━━ Supplied material

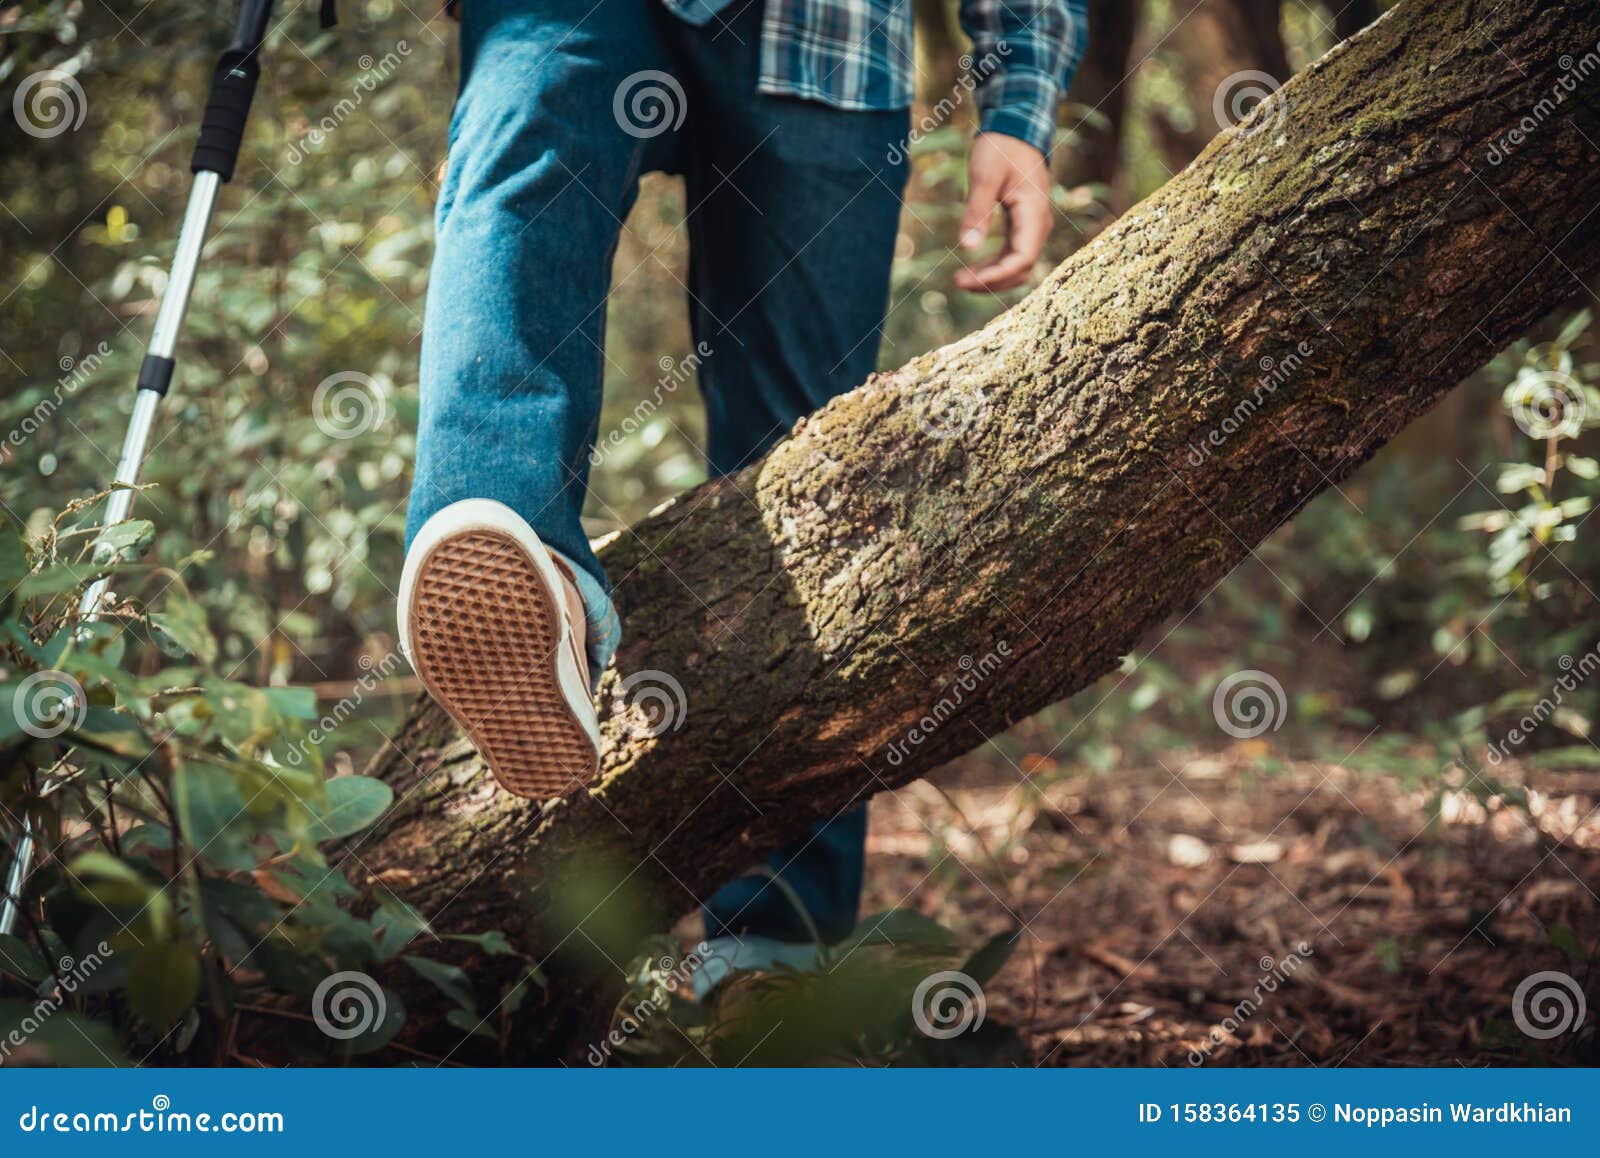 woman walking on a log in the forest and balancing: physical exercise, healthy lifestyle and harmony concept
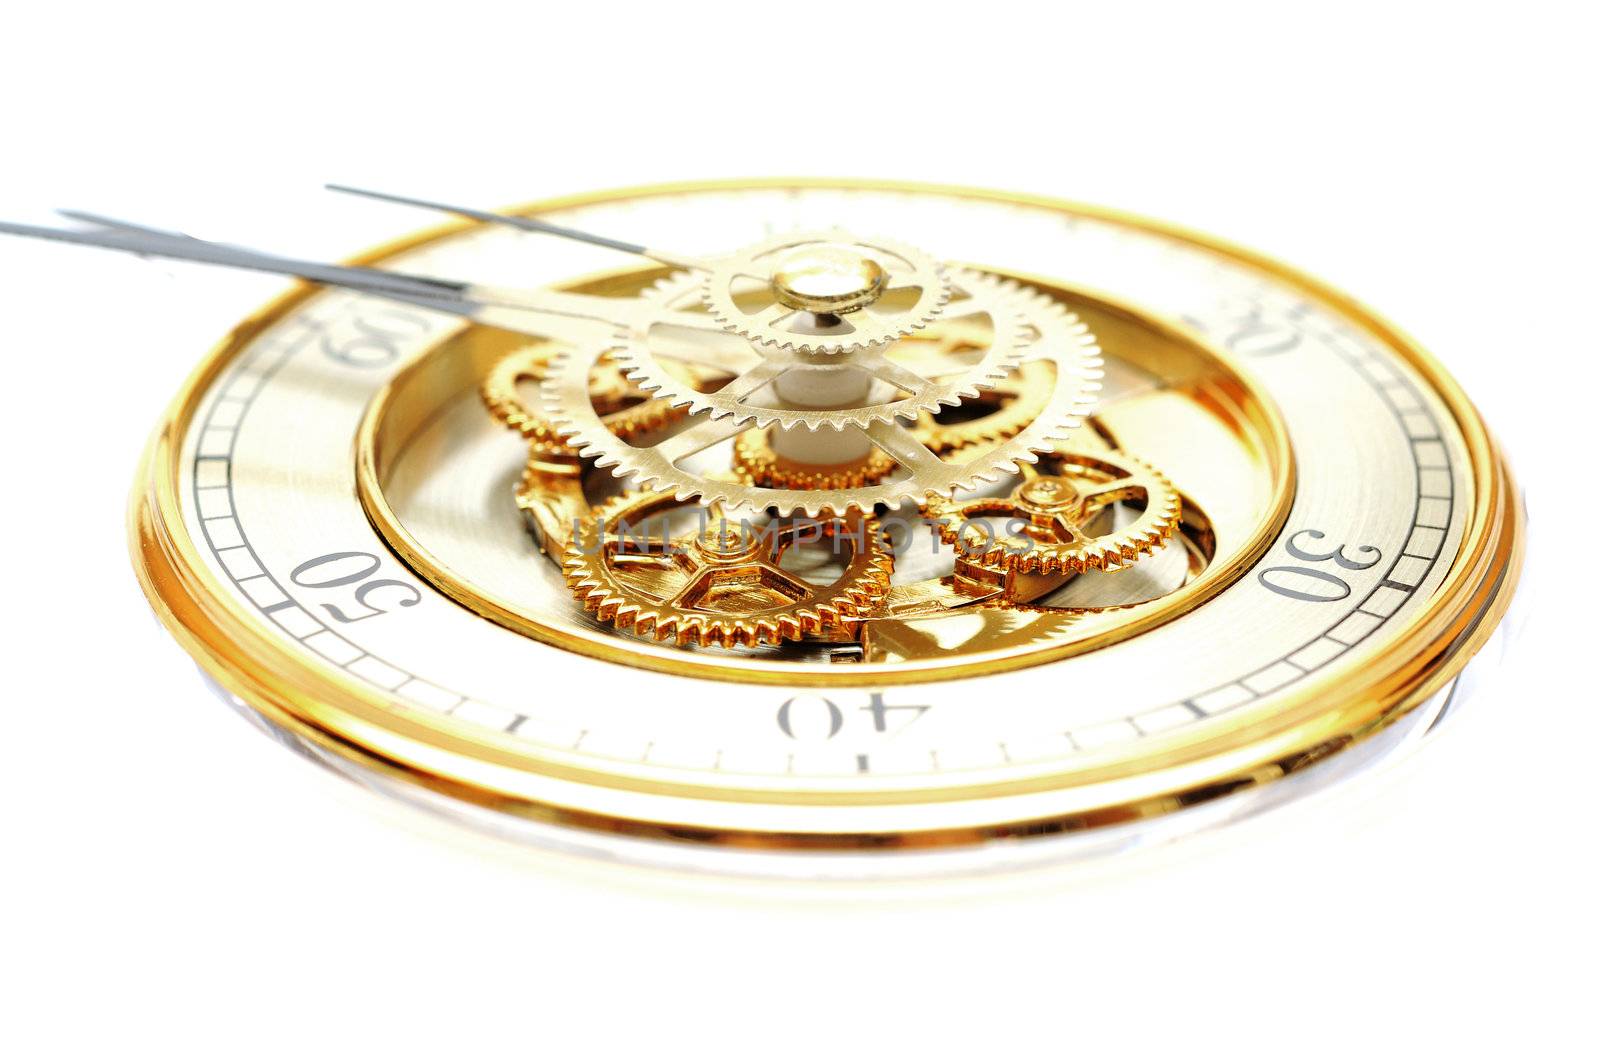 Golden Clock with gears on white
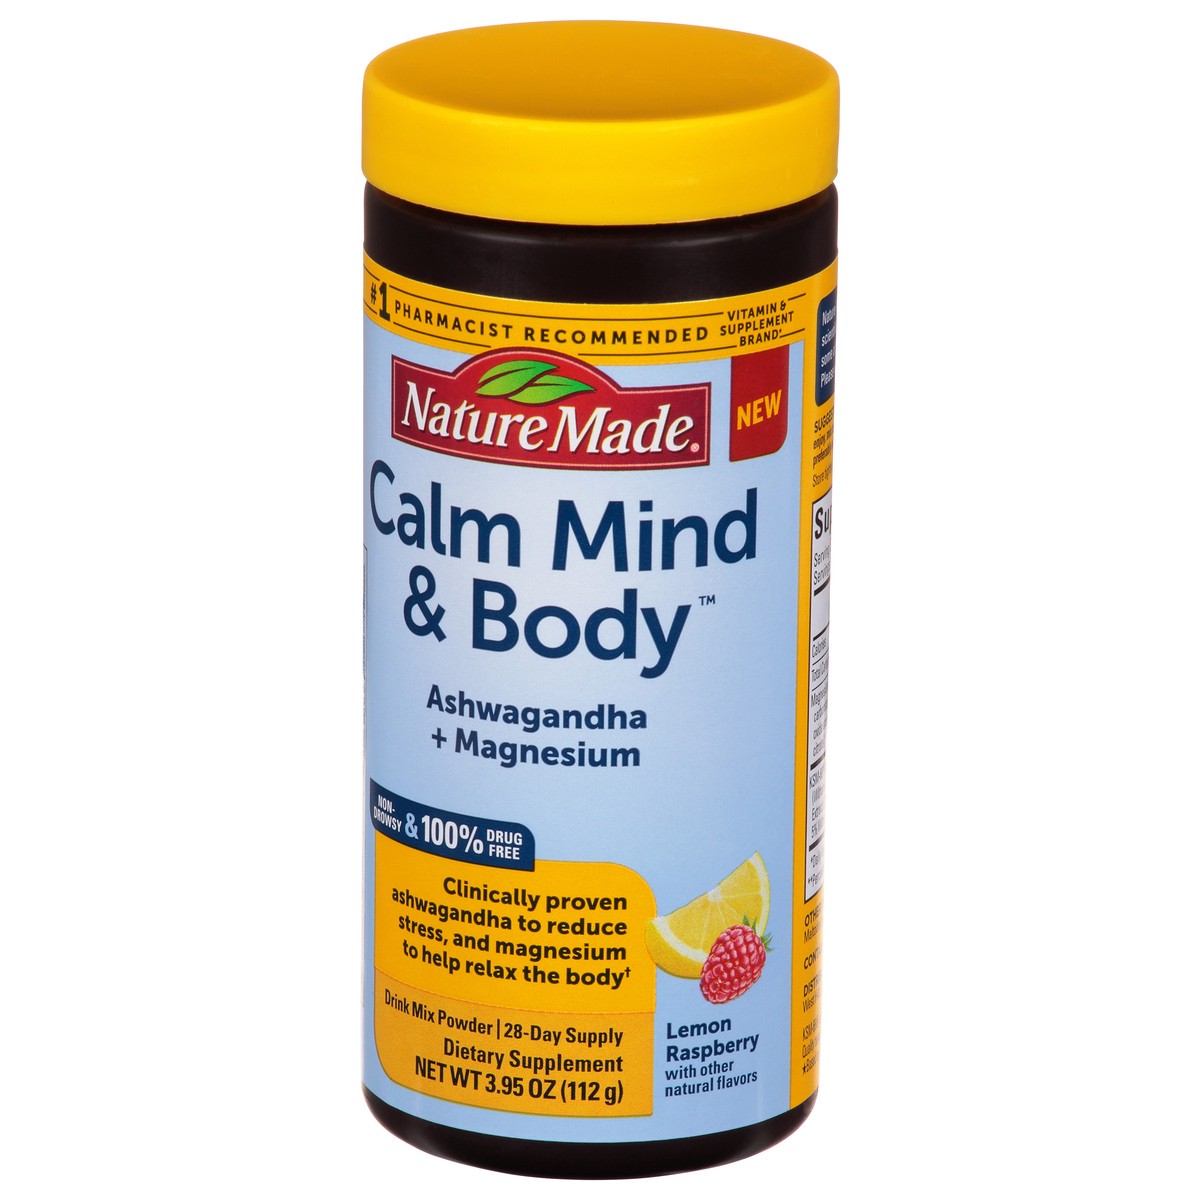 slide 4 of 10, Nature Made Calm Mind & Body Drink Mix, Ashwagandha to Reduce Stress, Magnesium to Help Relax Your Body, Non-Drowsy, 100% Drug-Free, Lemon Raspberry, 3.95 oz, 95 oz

━━━━

The task:
Find the line that contains "Golden Clock with gears on white". Copy it and every line after it through the end of the listing exactly, but not the pictures.

Task output:
 Golden Clock with gears on white
 slide 4 of 10, Nature Made Calm Mind & Body Drink Mix, Ashwagandha to Reduce Stress, Magnesium to Help Relax Your Body, Non-Drowsy, 100% Drug-Free, Lemon Raspberry, 3.95 oz, 95 oz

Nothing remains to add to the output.